_What to do_
When you return the data, keep every word exact and include none of the images.

_Source data_
....
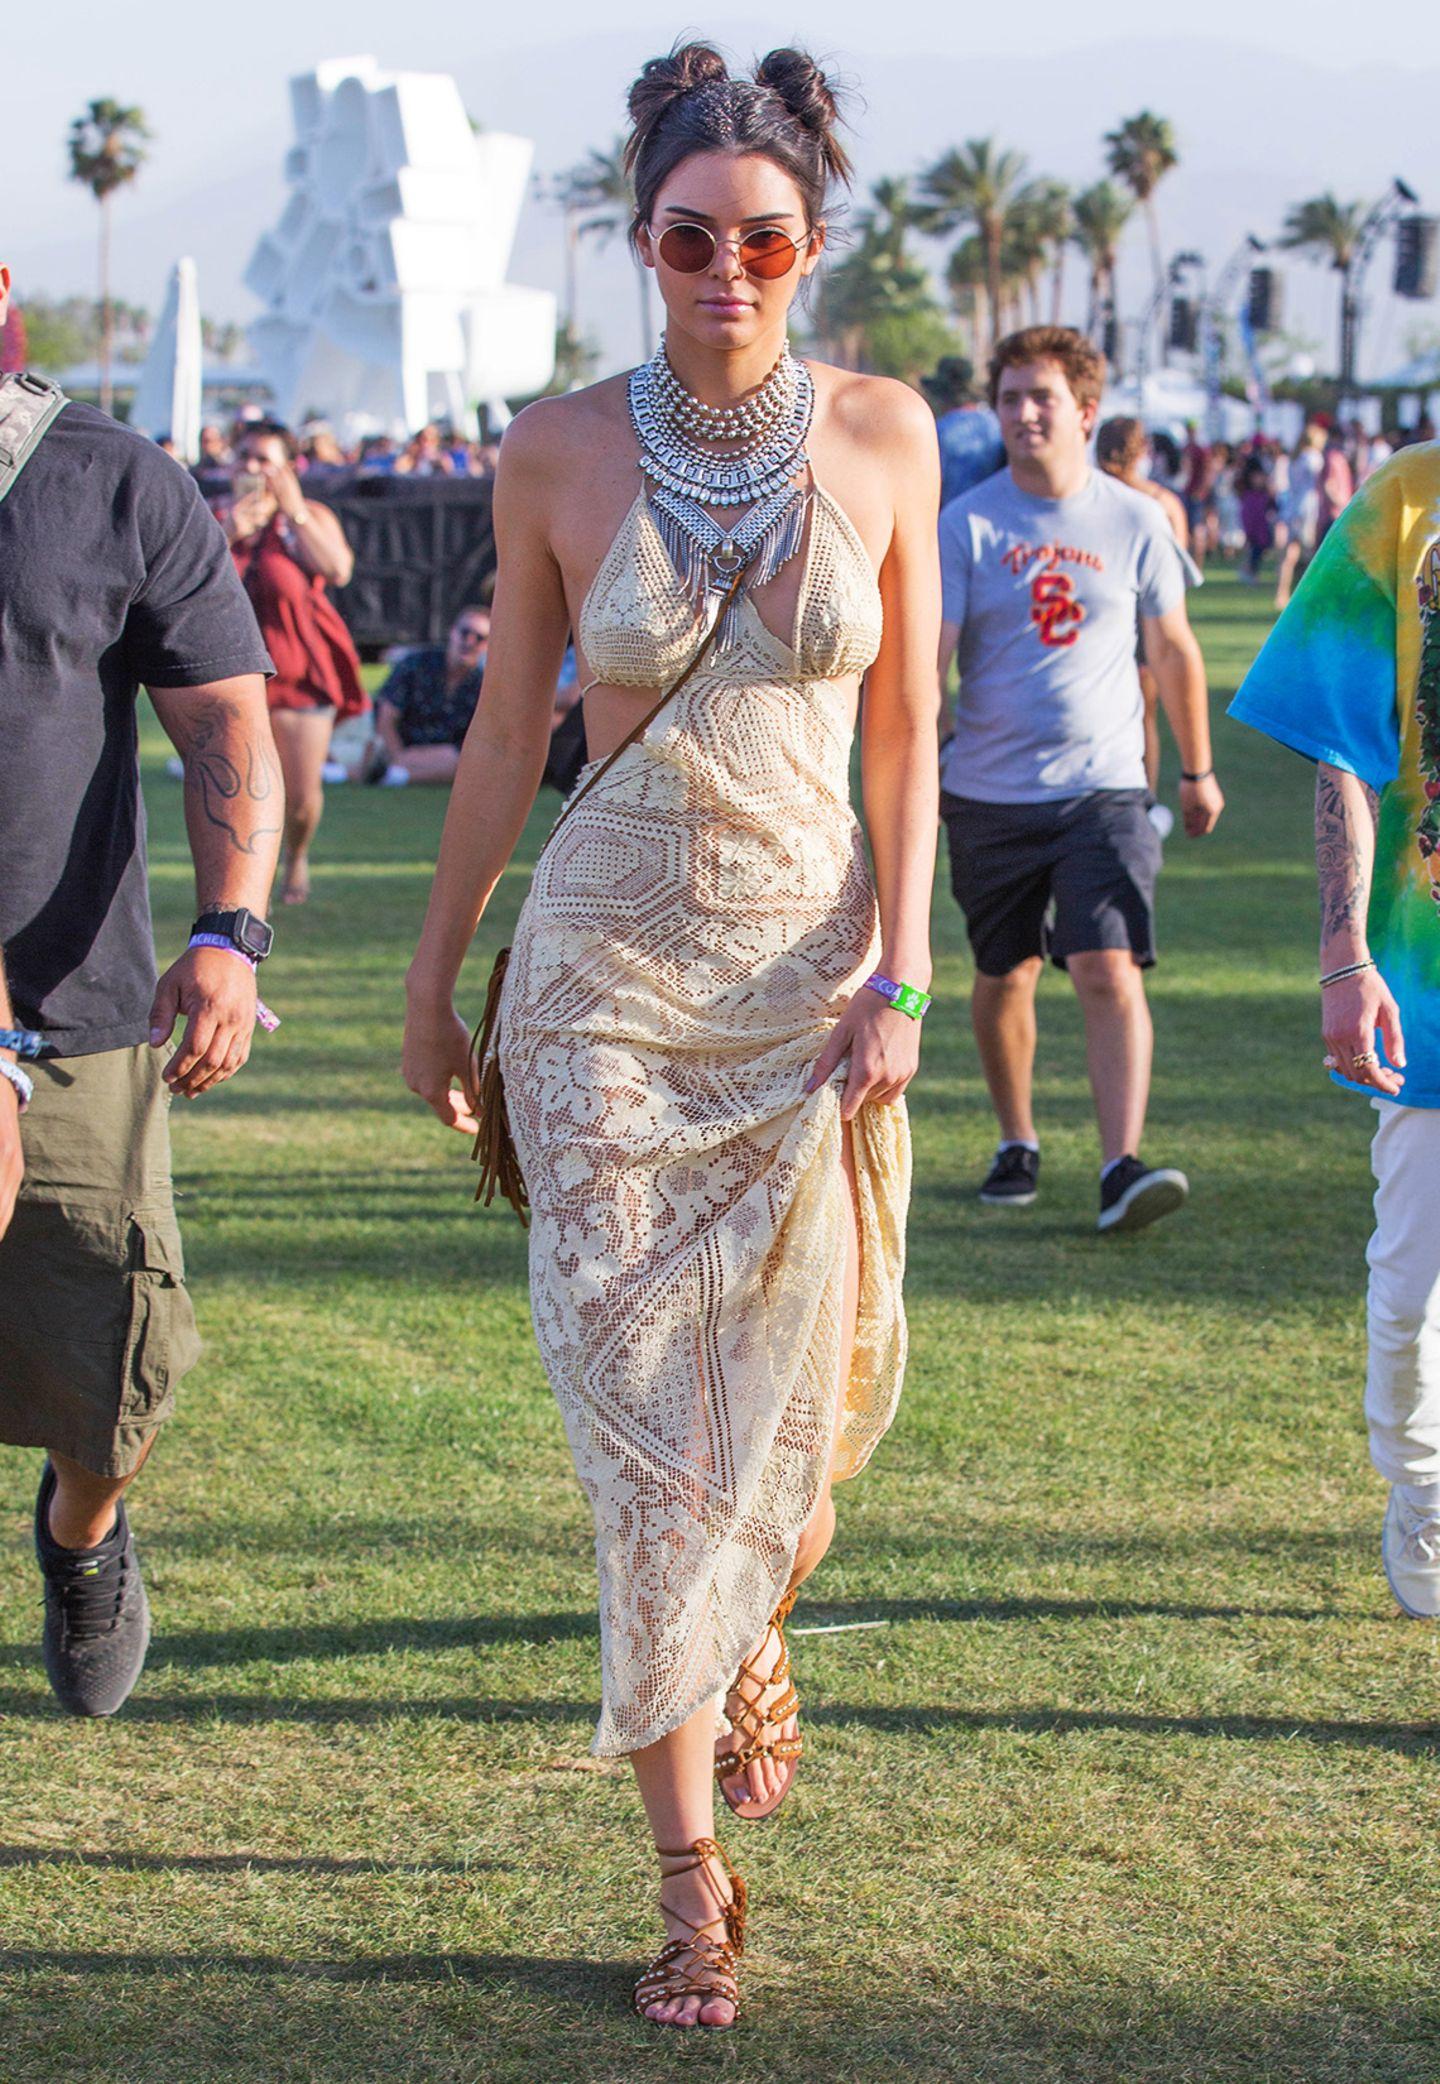 Wow! Mit ihrem cremefarbenen Spitzen-Kleid, Schnürsandalen und dem schweren Silberschmuck im Ethno-Look verkörpert Kendall Jenner perfekt den modernen Hippie-Trend des Coachella-Festivals.
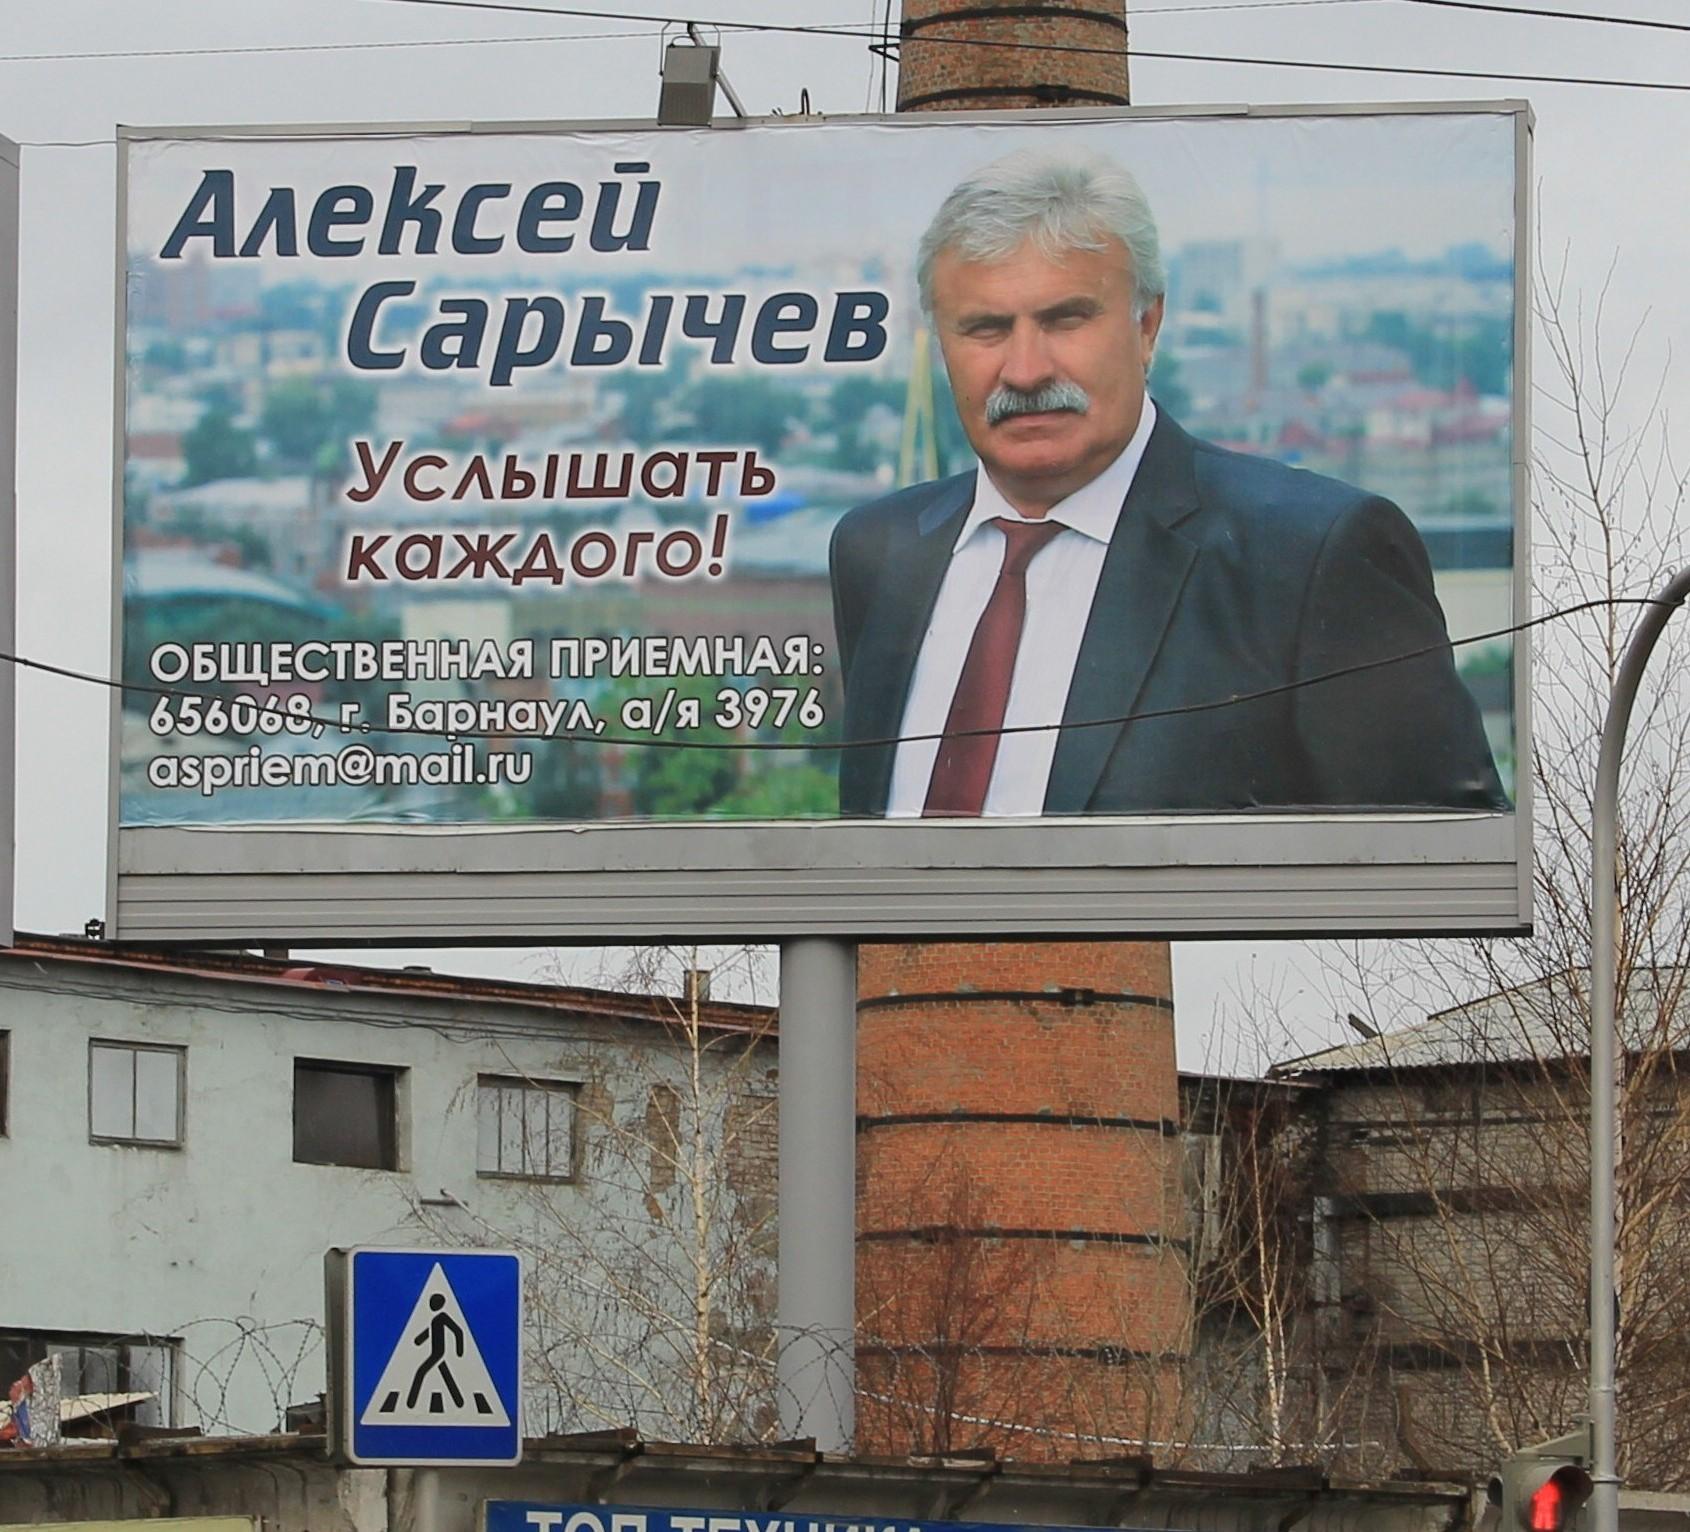 Сарычев, баннер об общественной приемной
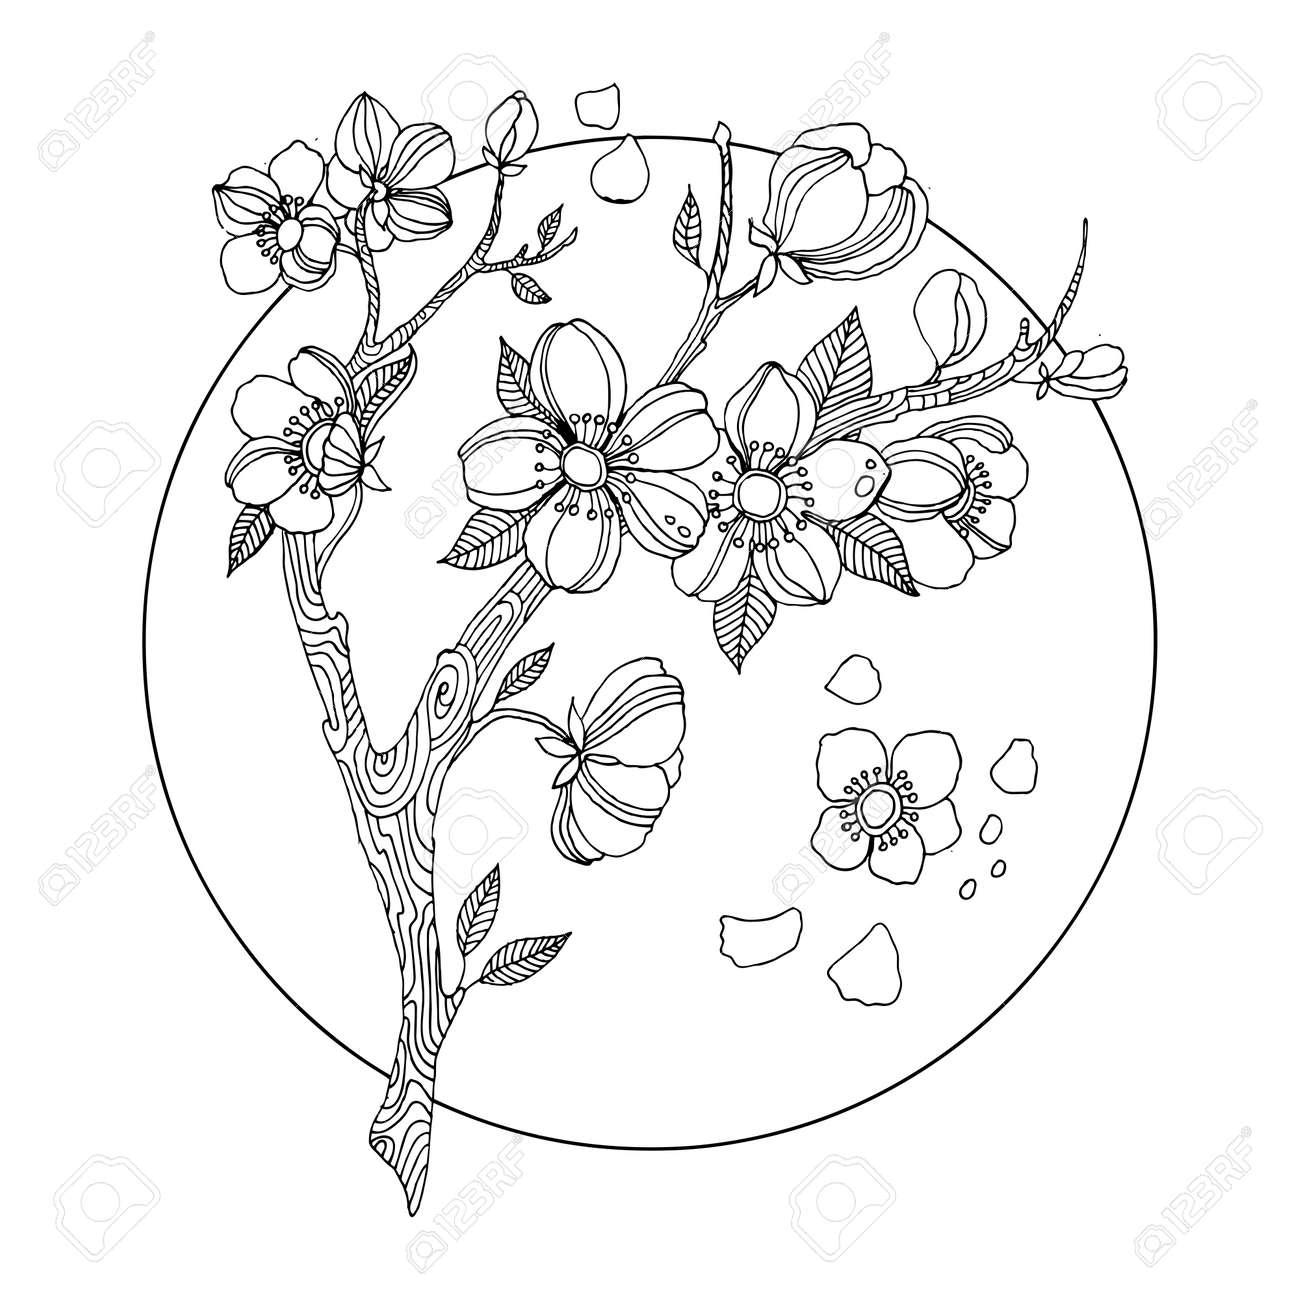 桜塗り絵ベクトル イラスト の写真素材画像素材 Image 71759668
....
_Output_
 Wow! Mit ihrem cremefarbenen Spitzen-Kleid, Schnürsandalen und dem schweren Silberschmuck im Ethno-Look verkörpert Kendall Jenner perfekt den modernen Hippie-Trend des Coachella-Festivals.
 Сарычев, баннер об общественной приемной
 桜塗り絵ベクトル イラスト の写真素材画像素材 Image 71759668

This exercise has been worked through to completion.